L'Académie has done this in the past, and is dealing with the blowback today.
French, as people tend to know, uses gender in its grammar. Originally, there were feminine forms such as philosophesse in widespread use, but in the 1600s, around the time L'Académie was founded, the idea that "the masculine prevails over the feminine" became a standard French published grammars and dictionaries used, and they explicitly declared this to be the case not because it was an existing linguistic rule in French but because the language should reflect the "natural" male-dominant society of the time. So words such as la philosophesse was declared grammatically incorrect: le philosophe was the only proper term. (Besides, they probably chuckled, it's not like the little ladies could really think anyway, amirite?)
No really, they said that.

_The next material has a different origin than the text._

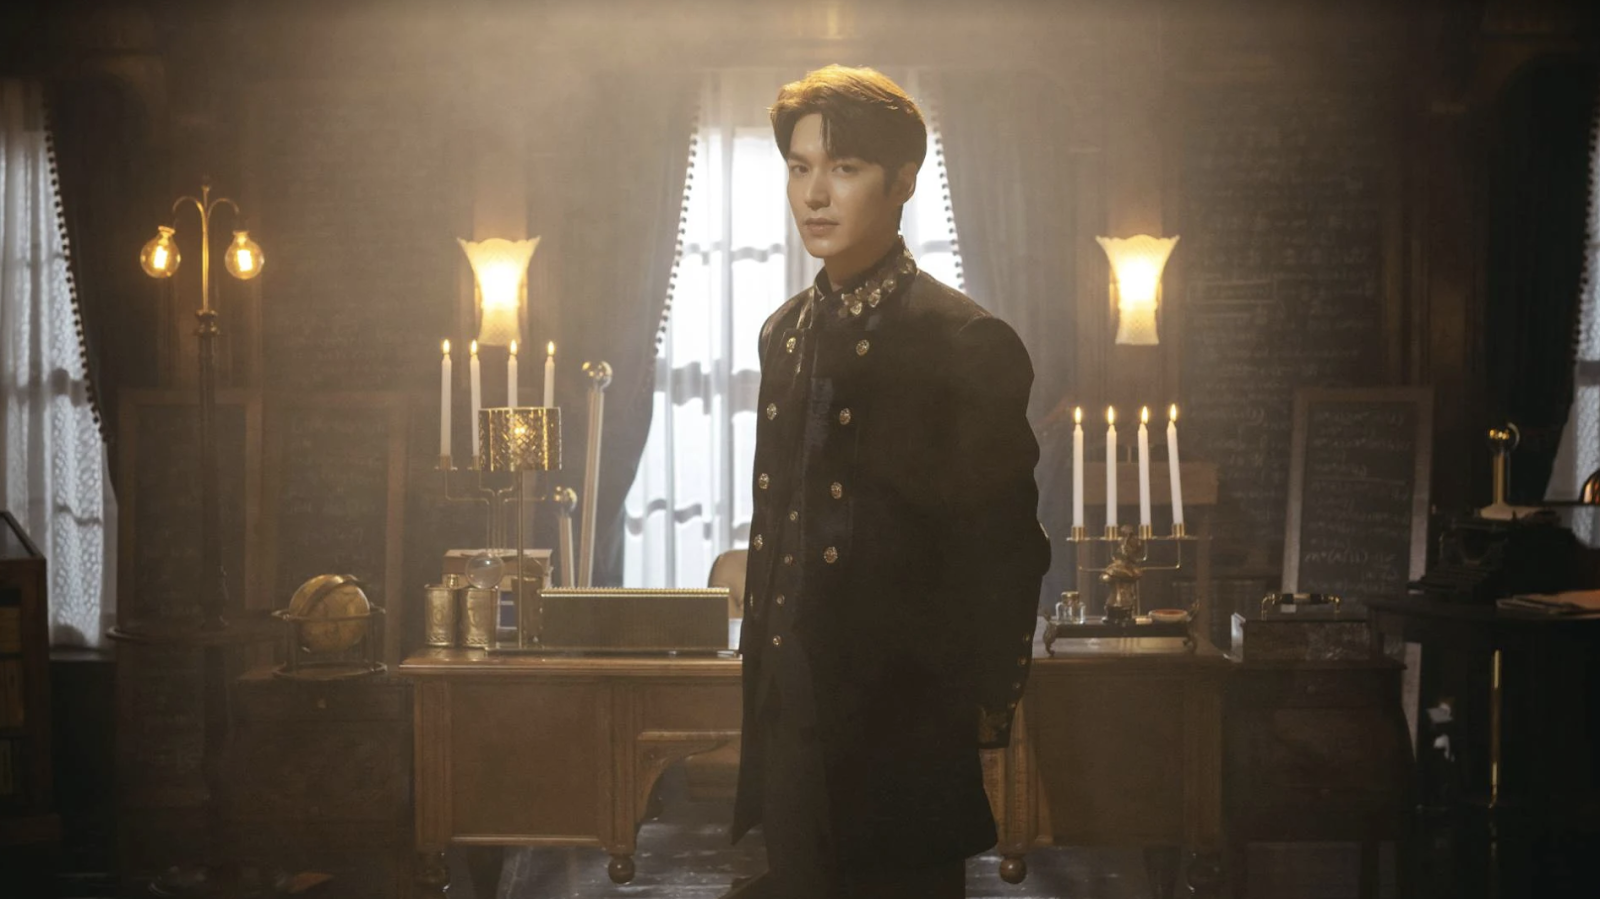 WATCH: THE KING: ETERNAL MONARCH (Deo King: Youngwonui Gunjoo) Trailer - Premieres on Netflix Starting April 17, 2020
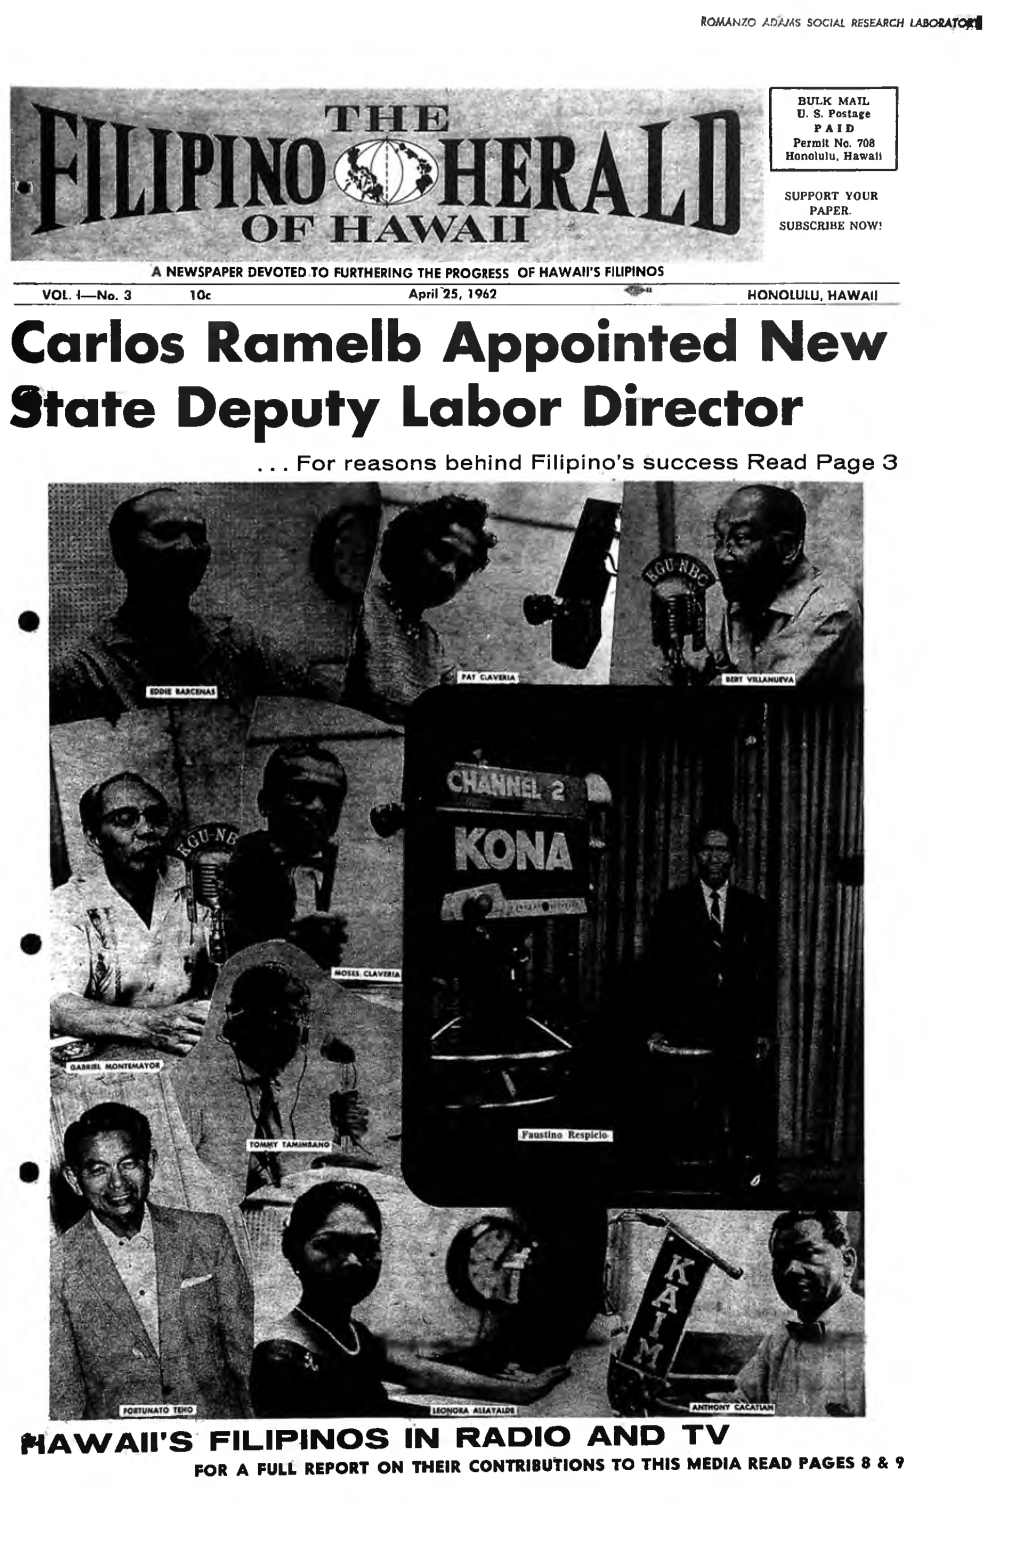 Carlos Ramelb Appointed New State Deputy Labor Director

And L'Académie, who still don't like girl cooties, was on board and kept enforcing that. So you'd see situations where, for instance, if you had an symphony orchestra of entirely female musicians, they'd be referred to as les musiciennes (fem.pl). If they added a single man to the orchestra, now the group is les musiciens (masc.pl), even though the man is outnumbered 100:1.
The blowback happening now, which les immortels (of course, never les immortelles) are fighting hard against, is to tweak French to be a bit more inclusive, by doing things like creating constructions analogous to the "Latinx" term, changing some nouns so that the feminine form is fully accepted as grammatically equal to the male, and perhaps even considered the default; to use an example I just made up, if you referred "an engineer" as a generic, you'd use une ingénieure instead of un ingénieur. And even stopping that stupidity where a single man changes the entire grammatical gender of a group, regardless of how outnumbered he is.